(Records contained in a dataset)
_ _ _

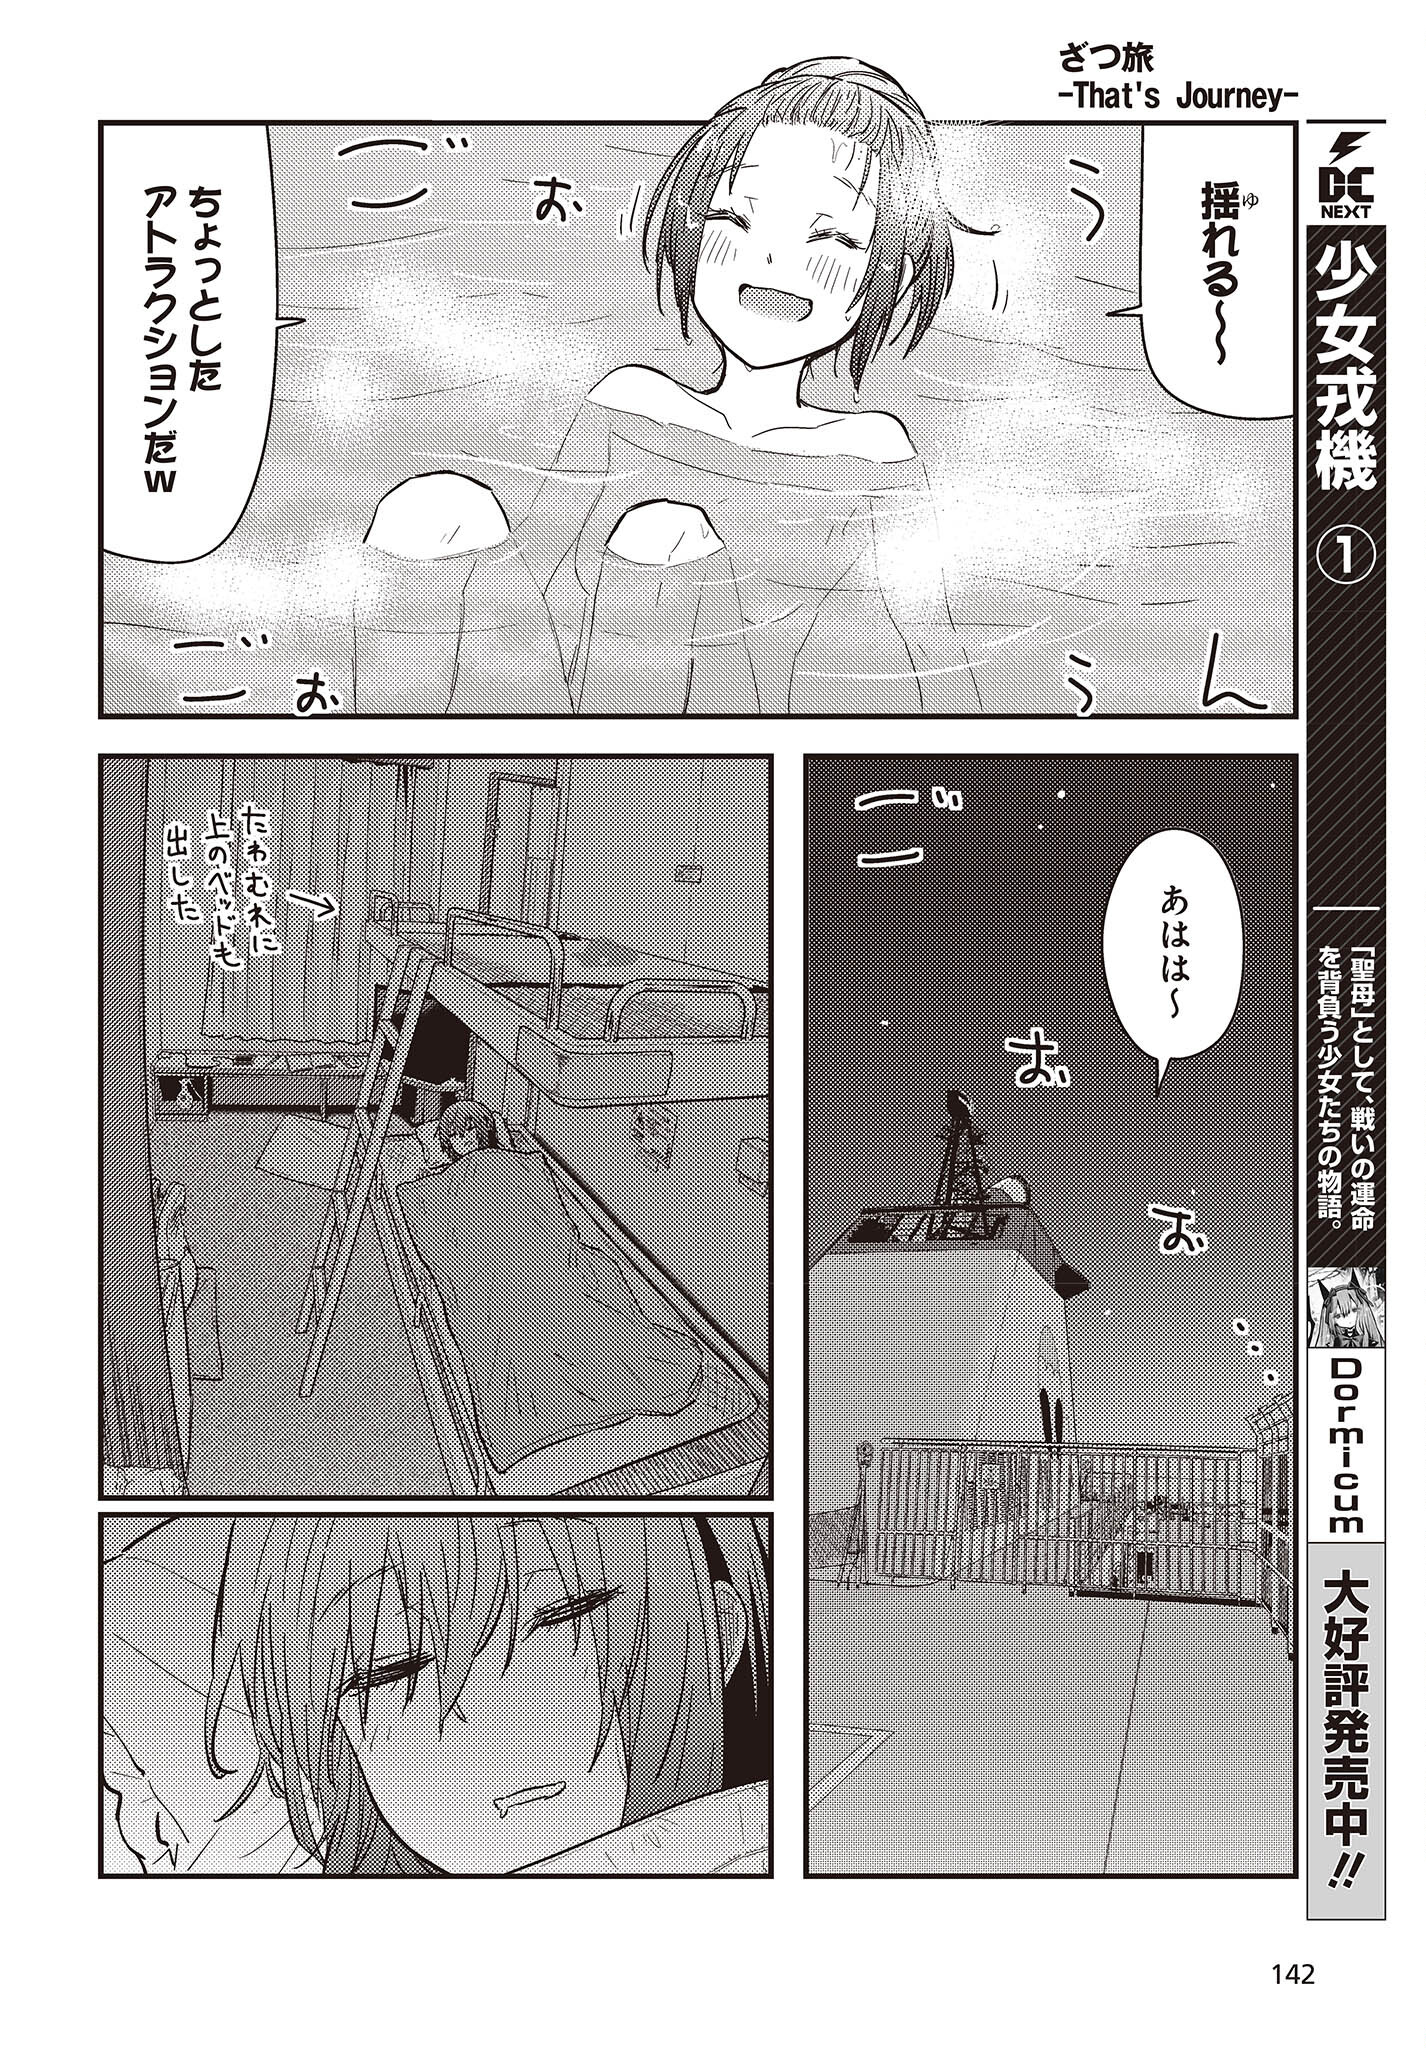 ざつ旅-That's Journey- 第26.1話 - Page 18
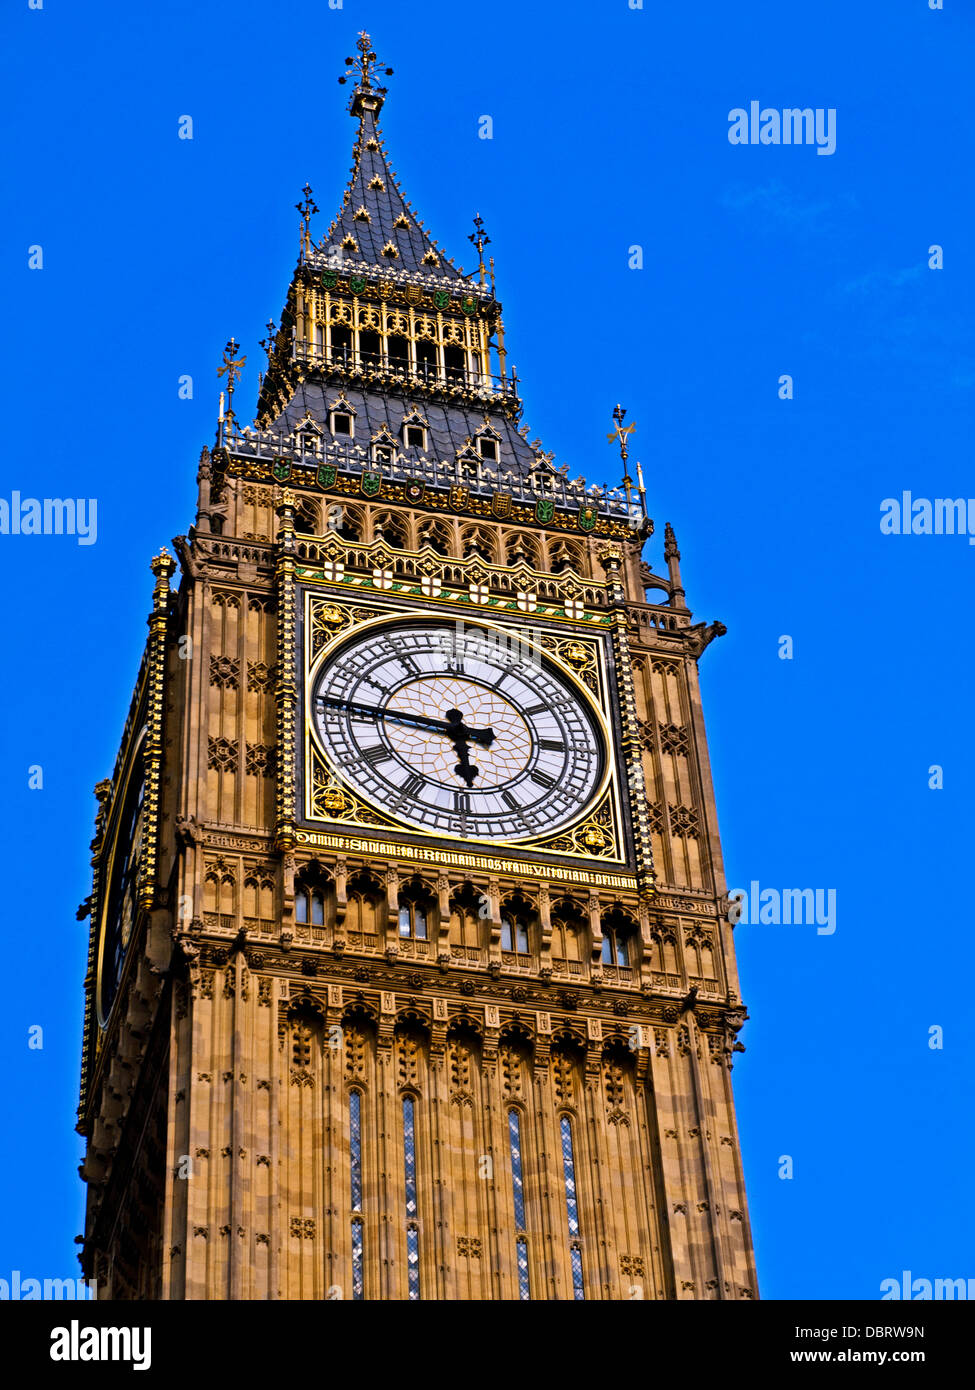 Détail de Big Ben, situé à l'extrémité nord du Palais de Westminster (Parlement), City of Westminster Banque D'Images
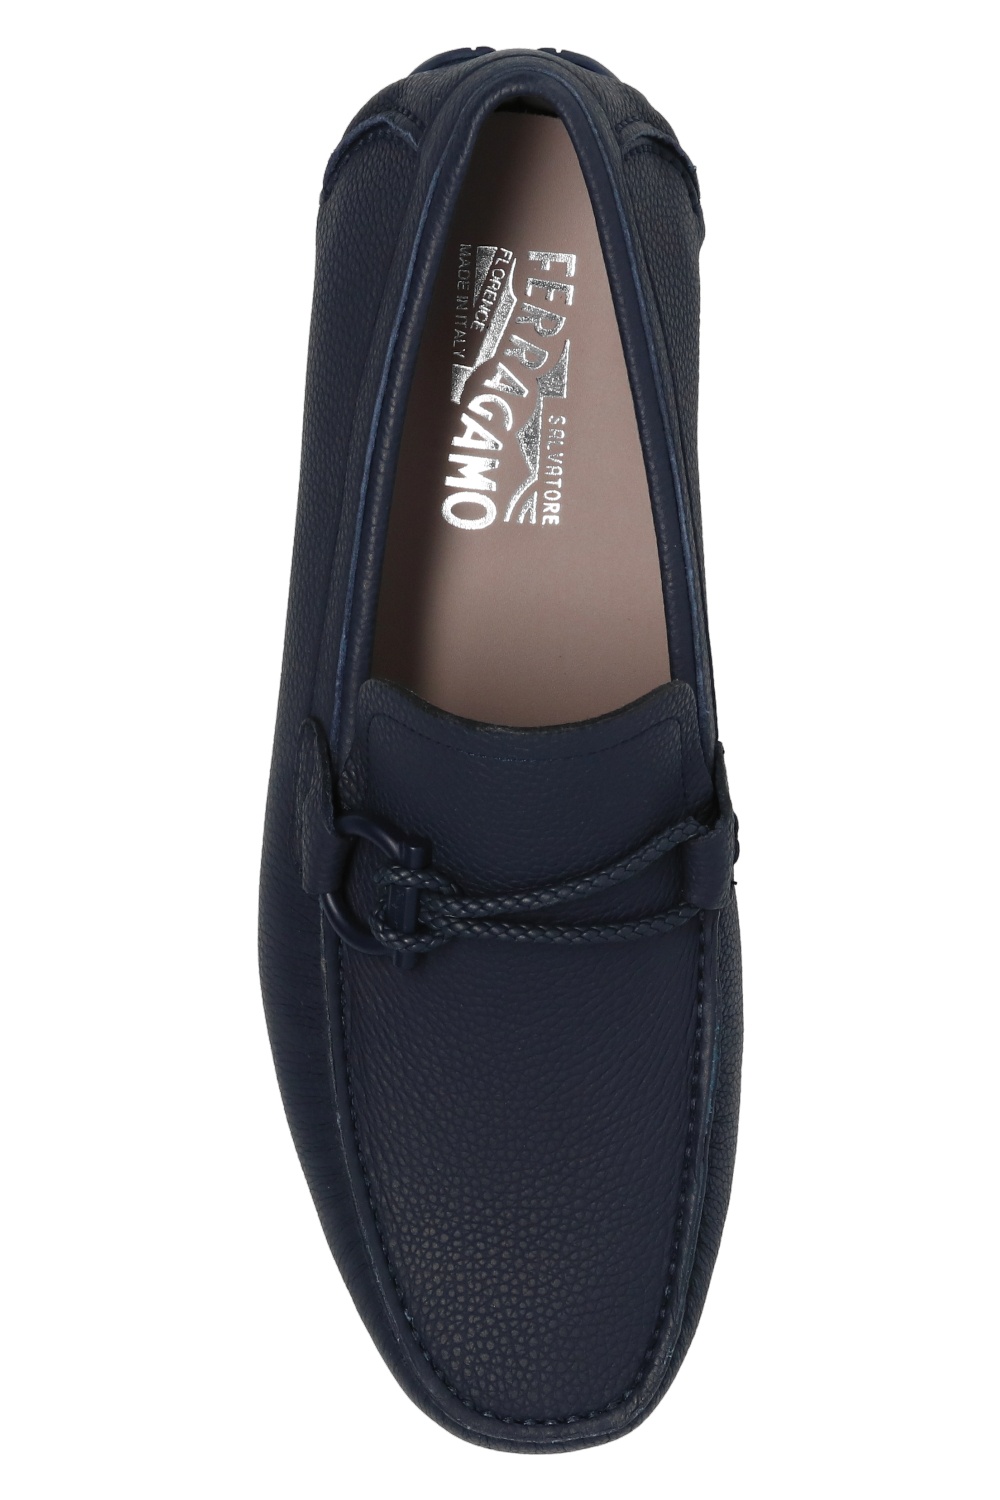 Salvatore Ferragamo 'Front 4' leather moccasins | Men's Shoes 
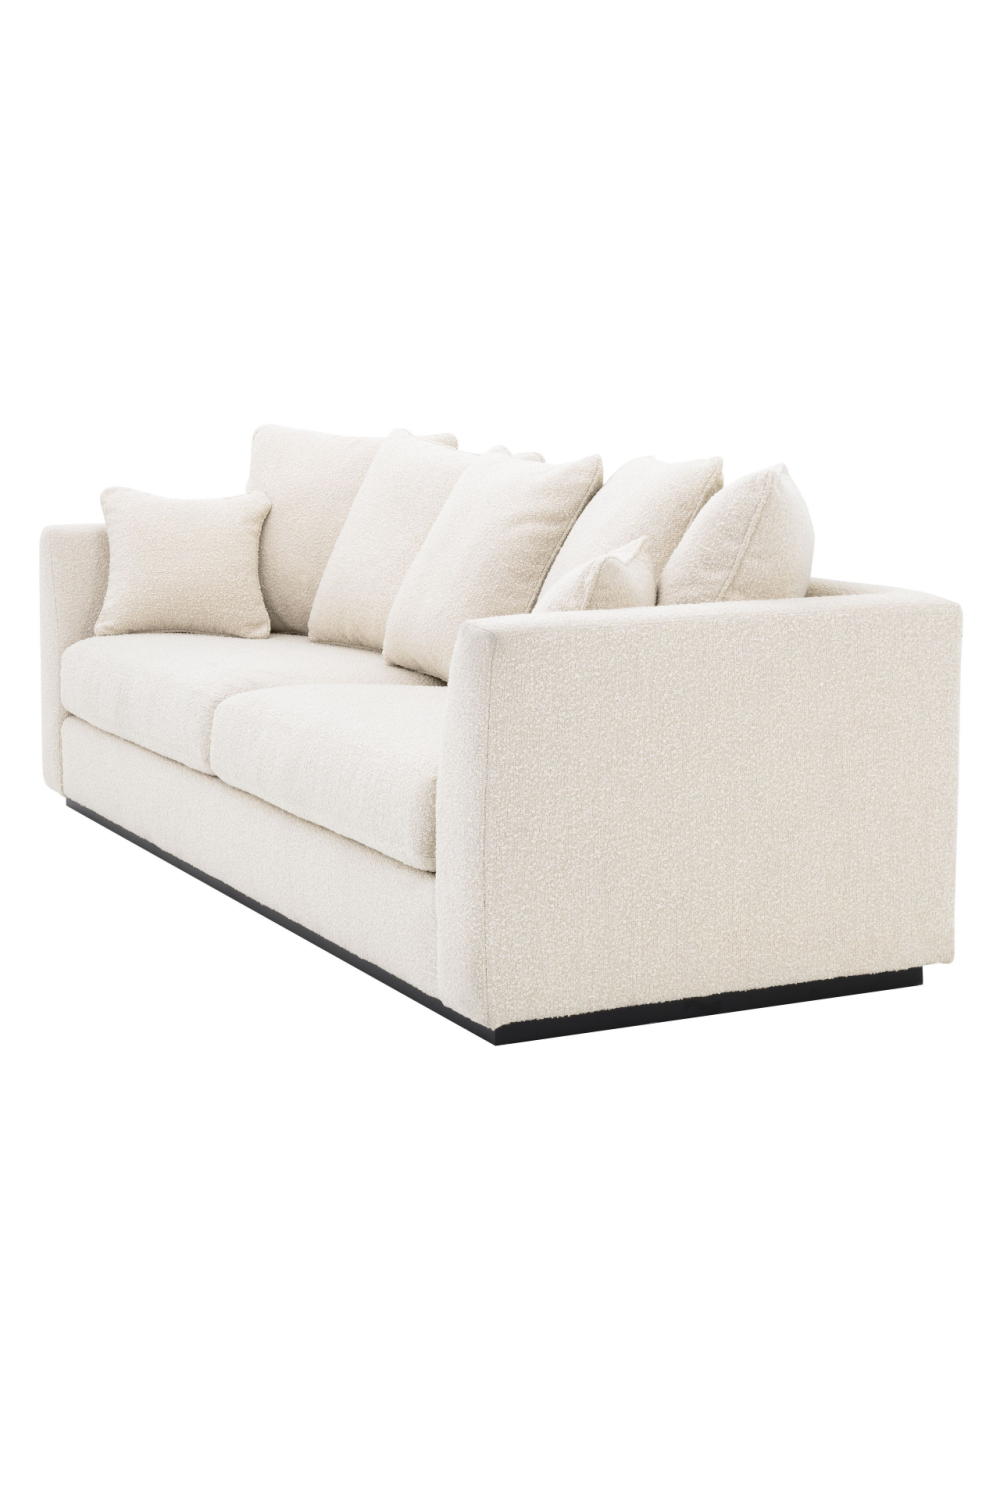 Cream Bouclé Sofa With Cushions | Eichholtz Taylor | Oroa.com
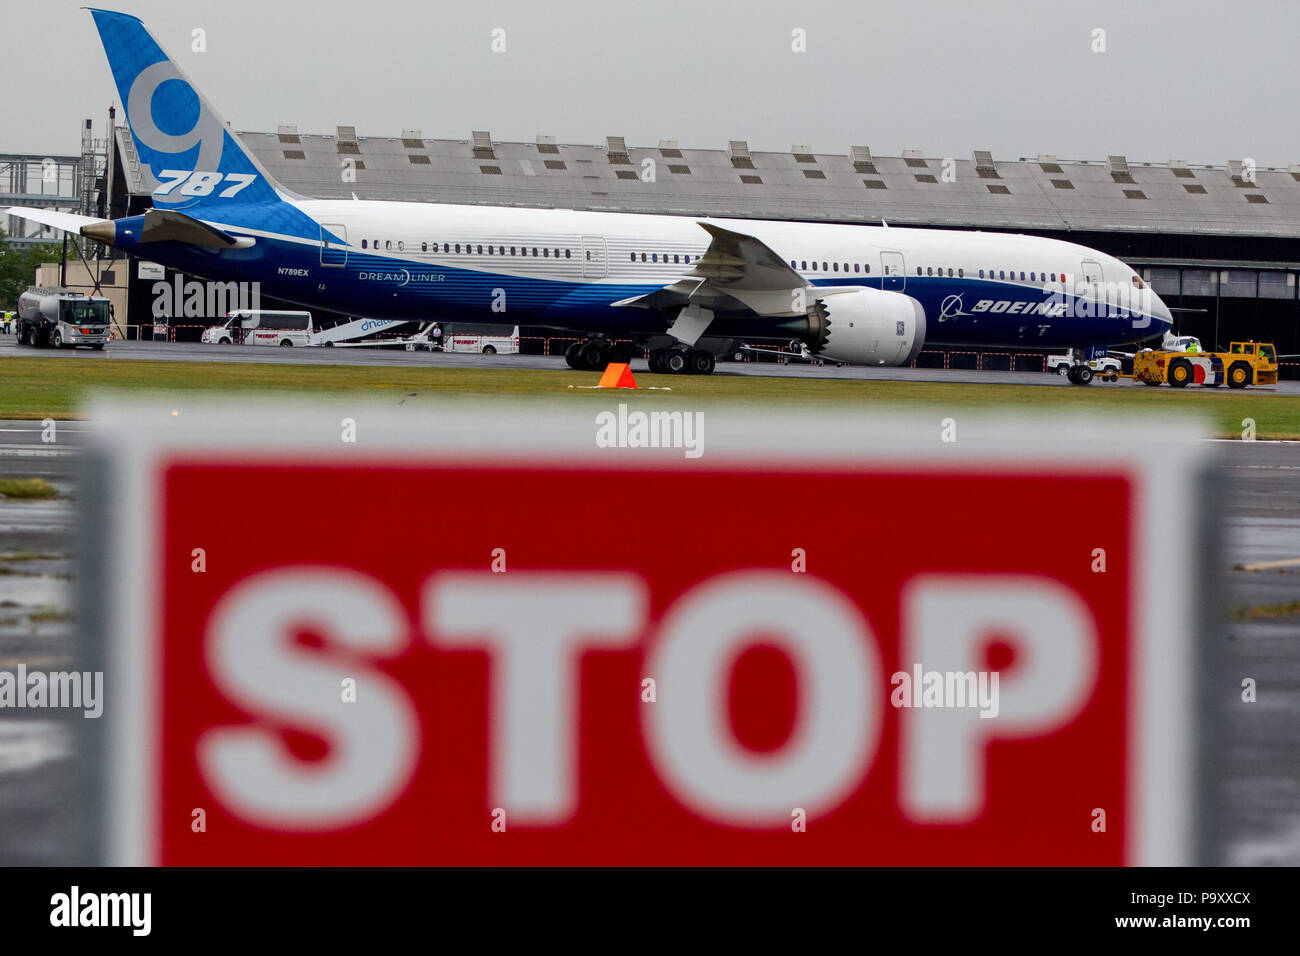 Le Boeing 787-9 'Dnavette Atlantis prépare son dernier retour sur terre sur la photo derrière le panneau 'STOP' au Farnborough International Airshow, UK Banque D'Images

_ _ _

WORK TO BE COMPLETED :: With the pictures left out, transcribe exactly the lines from the line holding "Salvatore Ferragamo 'Front" through the closing line of the entries.

EXERCISE OUTPUT ::
 Salvatore Ferragamo 'Front 4' leather moccasins | Men's Shoes 
 Cream Bouclé Sofa With Cushions | Eichholtz Taylor | Oroa.com
 Le Boeing 787-9 'Dnavette Atlantis prépare son dernier retour sur terre sur la photo derrière le panneau 'STOP' au Farnborough International Airshow, UK Banque D'Images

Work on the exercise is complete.